-- DATA EXTRACT follows --

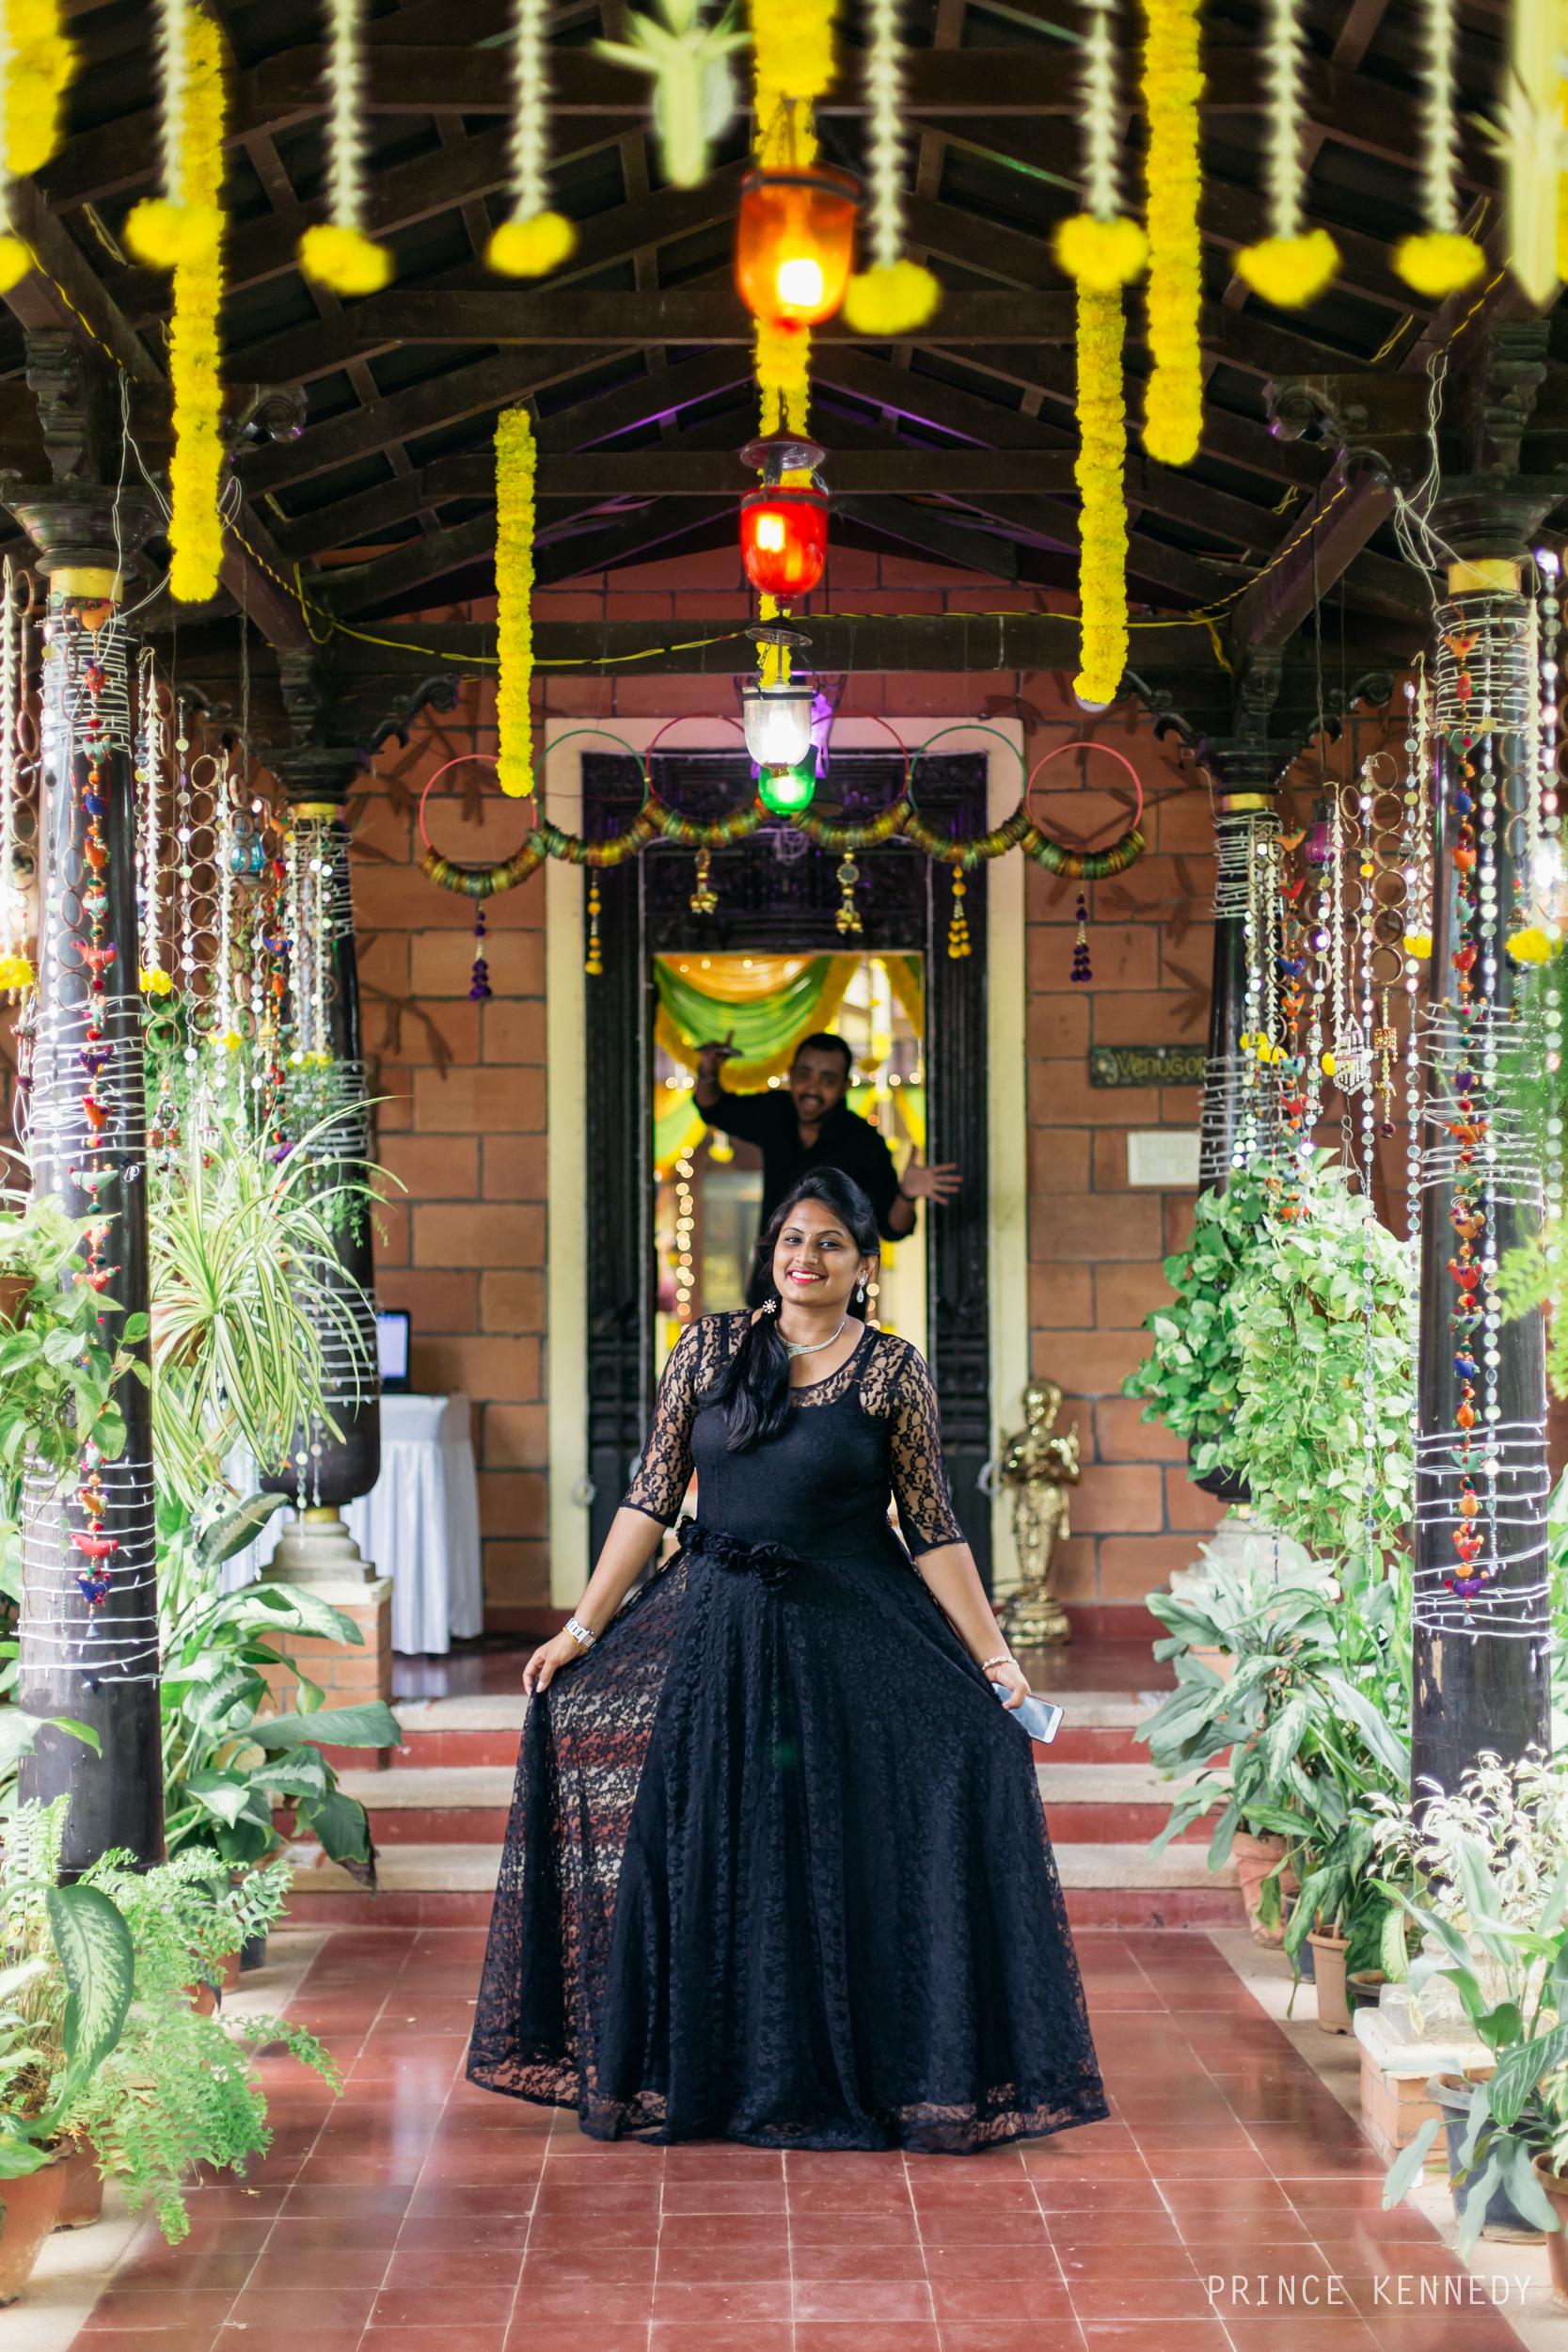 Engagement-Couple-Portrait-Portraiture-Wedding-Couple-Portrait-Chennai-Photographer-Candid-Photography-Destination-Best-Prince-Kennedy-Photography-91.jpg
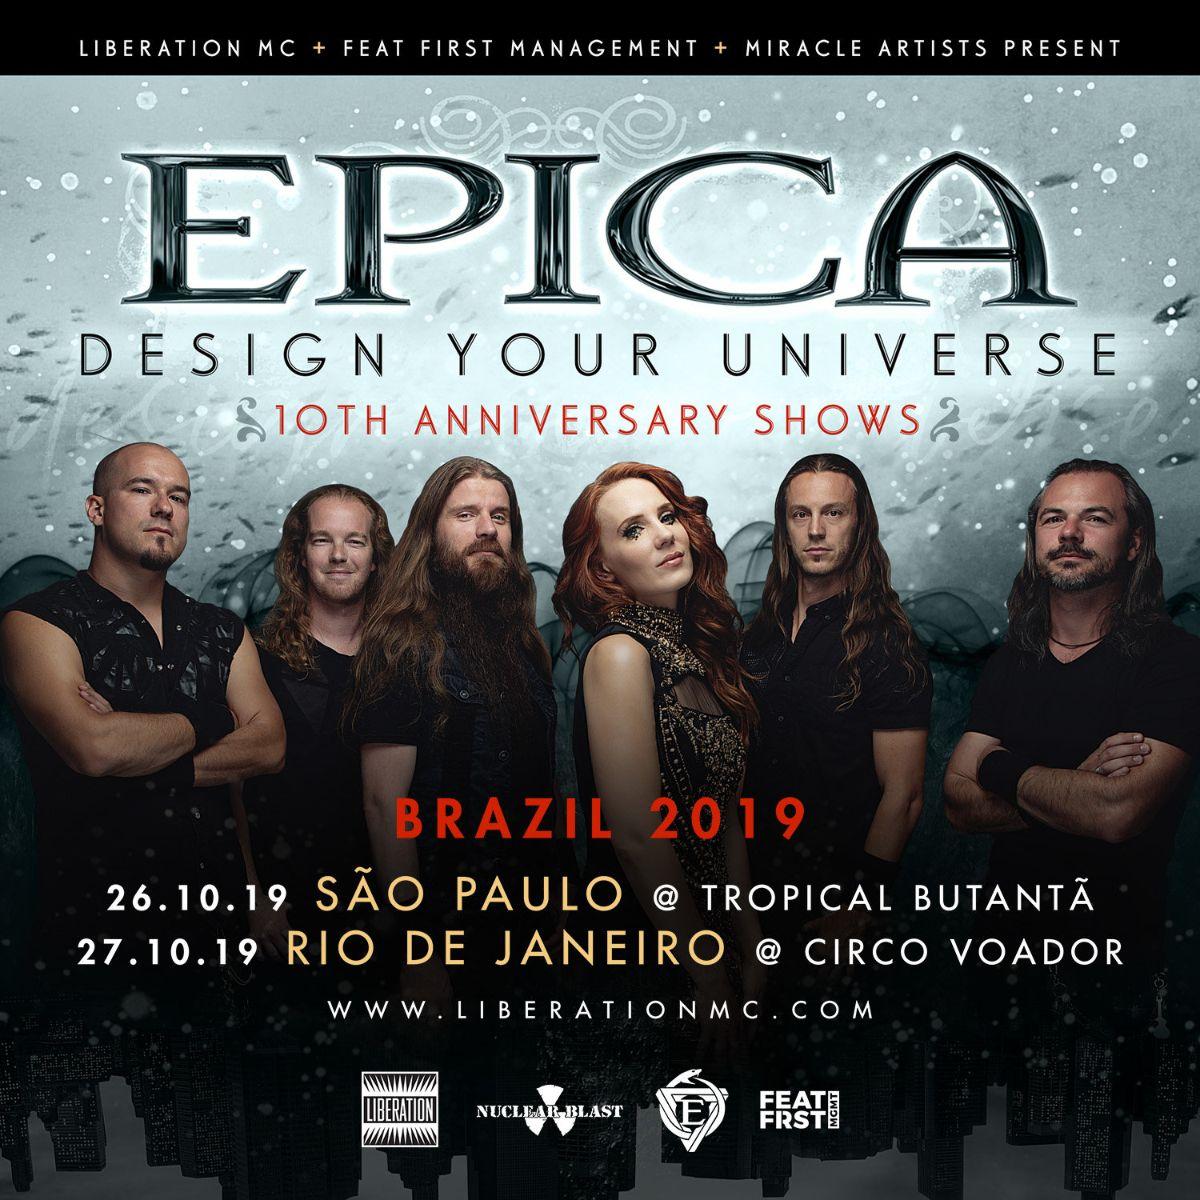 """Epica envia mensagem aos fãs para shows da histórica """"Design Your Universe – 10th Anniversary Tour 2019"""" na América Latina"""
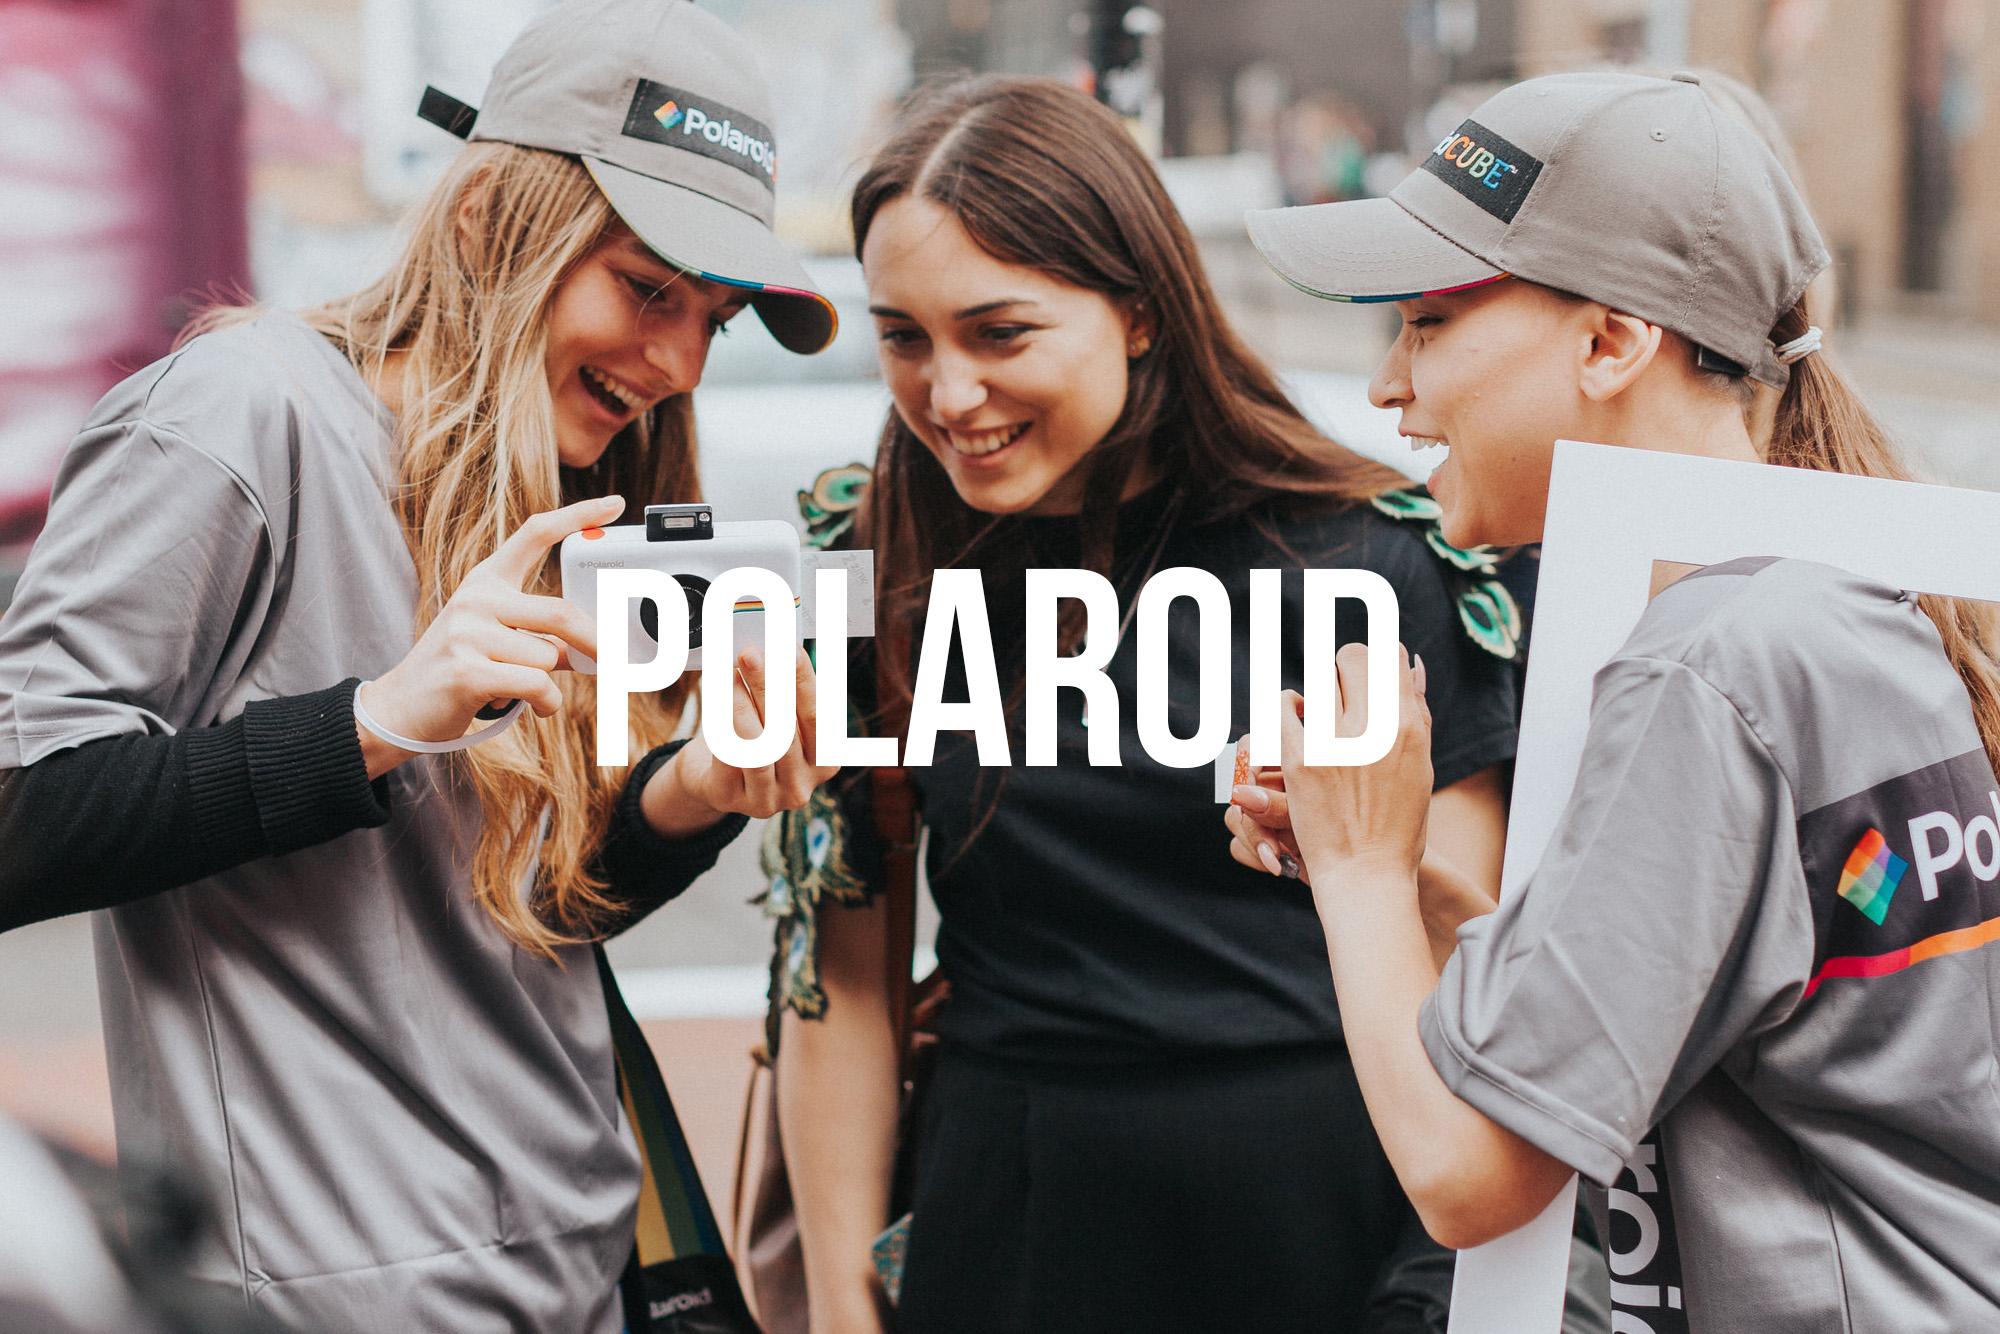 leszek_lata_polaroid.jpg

-- DATA EXTRACT concluded --

— THE TASK —
Would you restate the listing word for word and leave every picture out?

— RESPONSE BOX —
 Engagement-Couple-Portrait-Portraiture-Wedding-Couple-Portrait-Chennai-Photographer-Candid-Photography-Destination-Best-Prince-Kennedy-Photography-91.jpg
 """Epica envia mensagem aos fãs para shows da histórica """"Design Your Universe – 10th Anniversary Tour 2019"""" na América Latina"""
 leszek_lata_polaroid.jpg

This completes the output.